I have looked at the usual suspects from Epik, Ed, SVS and Seaton - even Danley. The wood finish on the Hsu sure is inviting - the walnut looks like a reasonable match to the Klipsch Heritage in the rest of the system.

A Dual Drive would likely be my choice, although I do have room for a Quad Drive with two stacked pairs on either side of center. The Quad Drive would be overkill, but is tempting, especially with the quantity discount. It is almost like buy 3 and get one free.

One thing that has me concerned is making a purchase and not being satisified with the results. The Quad Drive certainly would not fall into that category - no doubt I would have all the headroom anyone could want in my room size.

One thing that I noticed is that those who post about the Epik and Ed talk about their subs "hitting." Sounds like car stereo speak. Those who discuss the Hsu and Submersive speak about sound quality in addition to overall SPL capability. Maybe it is just me...


----------



## brandonnash (Sep 11, 2006)

From what I recall the danley subs will come in any finish of your choice. If its headroom you want then once again danley has you covered. I have listened to three of their subs and I liked them all. They may not have a ton of output below 20 hz, but eq'd correctly most of their subs would be flat to at least 16 hz. The th50 is a monster in ultra clean output and will.dislodge items from your walls. 

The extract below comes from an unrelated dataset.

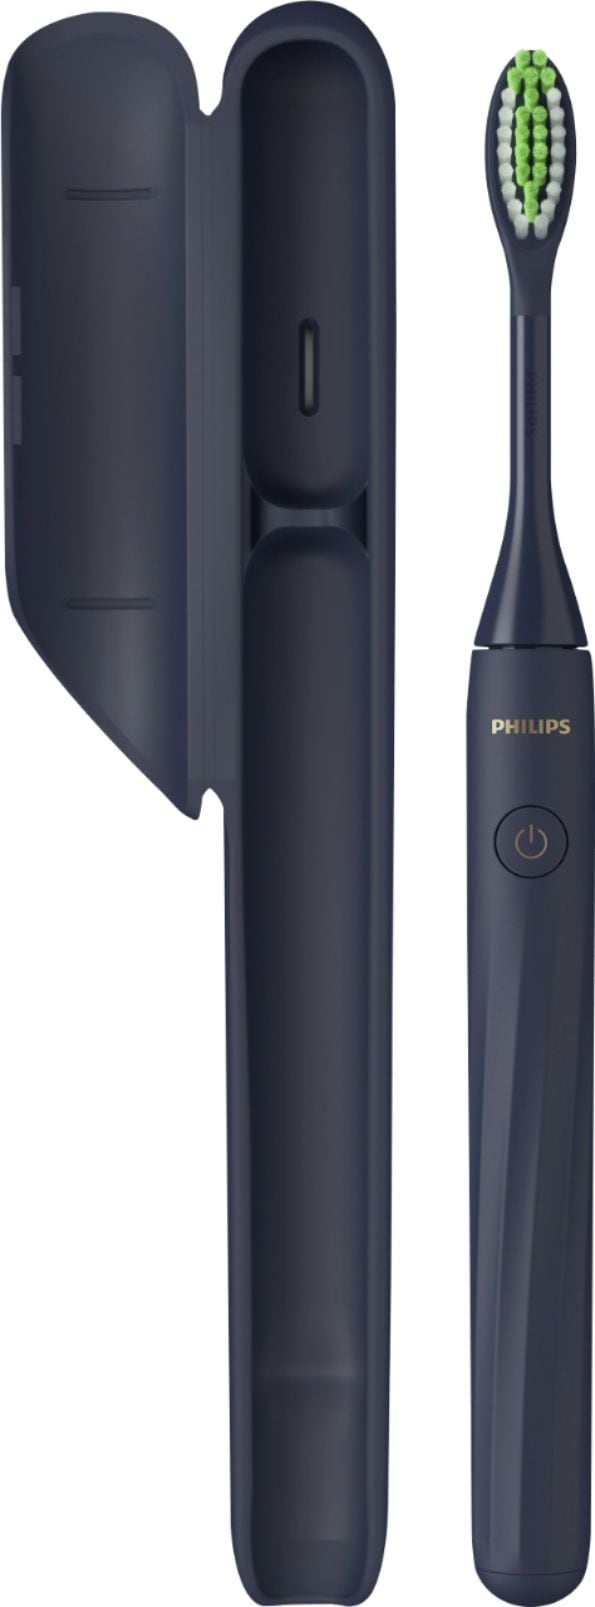 Philips Sonicare - Philips One by Sonicare Battery Toothbrush - Midnight Navy Blue_3
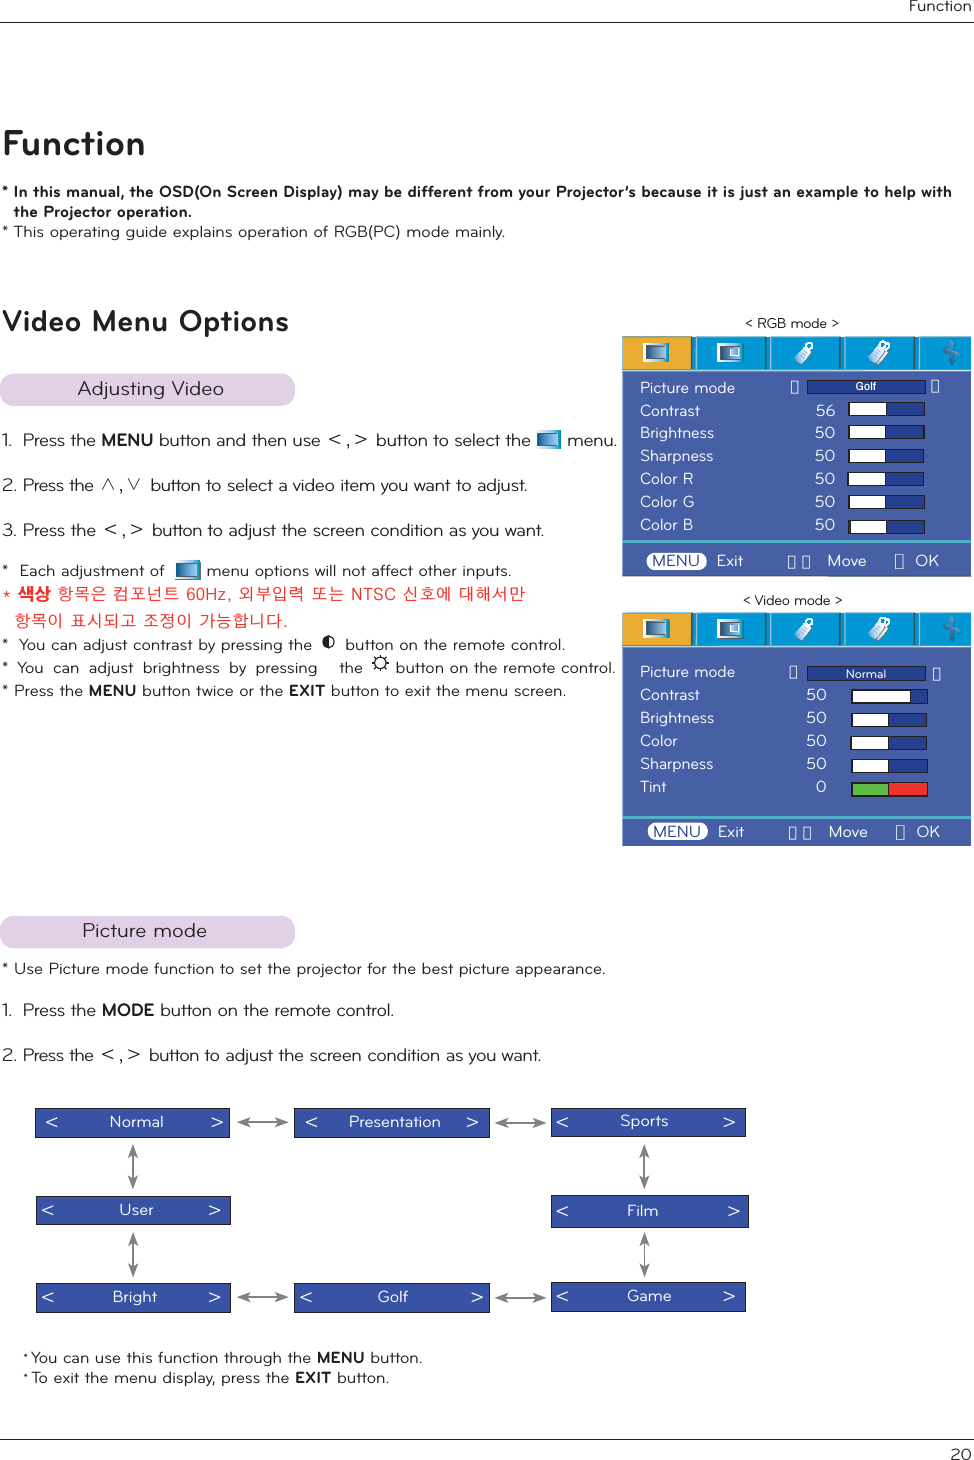 Function20FunctionVideo Menu Options*  In this manual, the OSD(On Screen Display) may be different from your Projector’s because it is just an example to help with the Projector operation.* This operating guide explains operation of RGB(PC) mode mainly.1. Press the MENU button and then use 䰽/䰿 button to select the menu.2. Press the 䯁/䯂#button to select a video item you want to adjust.3. Press the 䰽/䰿 button to adjust the screen condition as you want.&lt; RGB mode &gt;&lt; Video mode &gt;*  Each adjustment of  menu options will not affect other inputs. -#△▫#㘗᭓⟪#⾞㒖ᆶ㍢#93K}/#✢Ḫ⠯ᣏ#ᚺጾ#QWVF#⎊㛢♺#Ꭺ㘞⇆᩶###㘗᭓⠞#㔆⎆ᓂඊ#⤚⢿⠞#ಪፏ㘓፲ᎎ1*  You can adjust contrast by pressing the  #button on the remote control.* You can adjust brightness by pressing  the  button on the remote control.* Press the MENU button twice or the EXIT button to exit the menu screen.Adjusting Video 1. Press the MODE button on the remote control.2. Press the 䰽/䰿 button to adjust the screen condition as you want.Picture mode* Use Picture mode function to set the projector for the best picture appearance.* You can use this function through the MENU button.* To exit the menu display, press the EXIT button.Picture  mode              Contrast     56Brightness     50Sharpness     50Color R     50Color G     50Color B     50 JroiMENU   Exit        ＜＞  Move     󱡧 OKPicture  mode              Contrast               50Brightness            50Color                    50Sharpness            50Tint                                0NormalMENU   Exit        ＜＞  Move     󱡧 OK 䰽#######Normal        䰿  䰽     Presentation    䰿 䰽#######Sports     䰿䰽#########User          䰿 䰽########Film            䰿䰽########Bright     䰿 䰽#########Golf         䰿䰽          Game         䰿 ＞＞＜＜

With that said, a pair of th spuds will probably best the 50 in output and then beat it in extension too.
_Posted via Mobile Device_


----------



## brandonnash (Sep 11, 2006)

From what I recall the danley subs will come in any finish of your choice. If its headroom you want then once again danley has you covered. I have listened to three of their subs and I liked them all. They may not have a ton of output below 20 hz, but eq'd correctly most of their subs would be flat to at least 16 hz. The th50 is a monster in ultra clean output and will.dislodge items from your walls. 

With that said, a pair of th spuds will probably best the 50 in output and then beat it in extension too.
_Posted via Mobile Device_


----------



## DoubleATheater (Jul 21, 2009)

I've owned some SVS subs and now a Epik Phoenix. It is a great sub that is detailed, clean, and can go loud without problem and can stop on a dime. If wood veneer isn't that important I'd consider giving them a shot.


----------



## hjones4841 (Jan 21, 2009)

Thanks, guys. I pulled the trigger on a Quad Drive ULS-15 in walnut yesterday. Wonder if I will have enough headroom in my 2050 cu ft room:yikes:


----------



## GregBe (Apr 20, 2006)

hjones4841 said:


> Thanks, guys. I pulled the trigger on a Quad Drive ULS-15 in walnut yesterday. Wonder if I will have enough headroom in my 2050 cu ft room:yikes:


Wow :T I am impressed. For that size room, you will have it all... great sound quality, even distribution of bass among many seats and tons of headroom. Please post your impressions.


----------



## RayJr (Jan 14, 2007)

hjones4841 said:


> Thanks, guys. I pulled the trigger on a Quad Drive ULS-15 in walnut yesterday. Wonder if I will have enough headroom in my 2050 cu ft room:yikes:


I think you will be very happy with them...I have 4 ULS-15 in my 3000 sqft room (15' X 25' X 8')
Plenty of headroom 

















RayJr


----------



## hjones4841 (Jan 21, 2009)

GregBe said:


> Wow :T I am impressed. For that size room, you will have it all... great sound quality, even distribution of bass among many seats and tons of headroom. Please post your impressions.


Will do. Hsu shipped them today - very fast service and Pete Hsu was extremely helpful answering questions. It reminded me of last fall when I bought a screen from Carada - first rate folks.

First placement will be two stacked on either side of the center channel. I might move a pair to the back of the room later on, but the stacked ones should perform well in that location - my old Velodyne FSR-18 measures very well FR wise in that spot left of center. Pete said that he prefers side-by-side to limit floor bounce, but I don't have the room to do that. He said that if I crossed over at 50-60Hz or so the floor bounce would be minimized. Plus, I will be running EQ with a BFD to smooth things out anyway.

I have been weary of the limited output of the Velo that I want to make sure I have enough headroom this time. Two would likely have been enough, but the echoes of Tim Allen's "MORE POWER!" kept spinning around in my head.:bigsmile:


----------



## hjones4841 (Jan 21, 2009)

RayJR: Have you measured SPL at various freqs. with the subs at full tilt?


----------



## RayJr (Jan 14, 2007)

I have to tell you I have not....I am kind of a little scared
As it is...the subs build so much pressure that my projector...or should I say..the ceiling vibrates...and causes a real blurry image at some freqs.

If you want to talk...give me your number or I send you mine in PM.

Later
RayJr


----------



## hjones4841 (Jan 21, 2009)

Sounds like I will certainly have enough for my smaller room, then.

I spent the morning getting the room ready. I pulled a new sub cable - was getting low level 60Hz hum from the old one the way it was routed. I already had a 20A power circuit to the Velodyne, but I added a 15A circuit to the screen wall this morning so that I could split the amps between the two.

I will post some REW FR plots next weekend. The room is heavily trapped already, so hopefully I wil only need a minimum EQ to flatten them out.


----------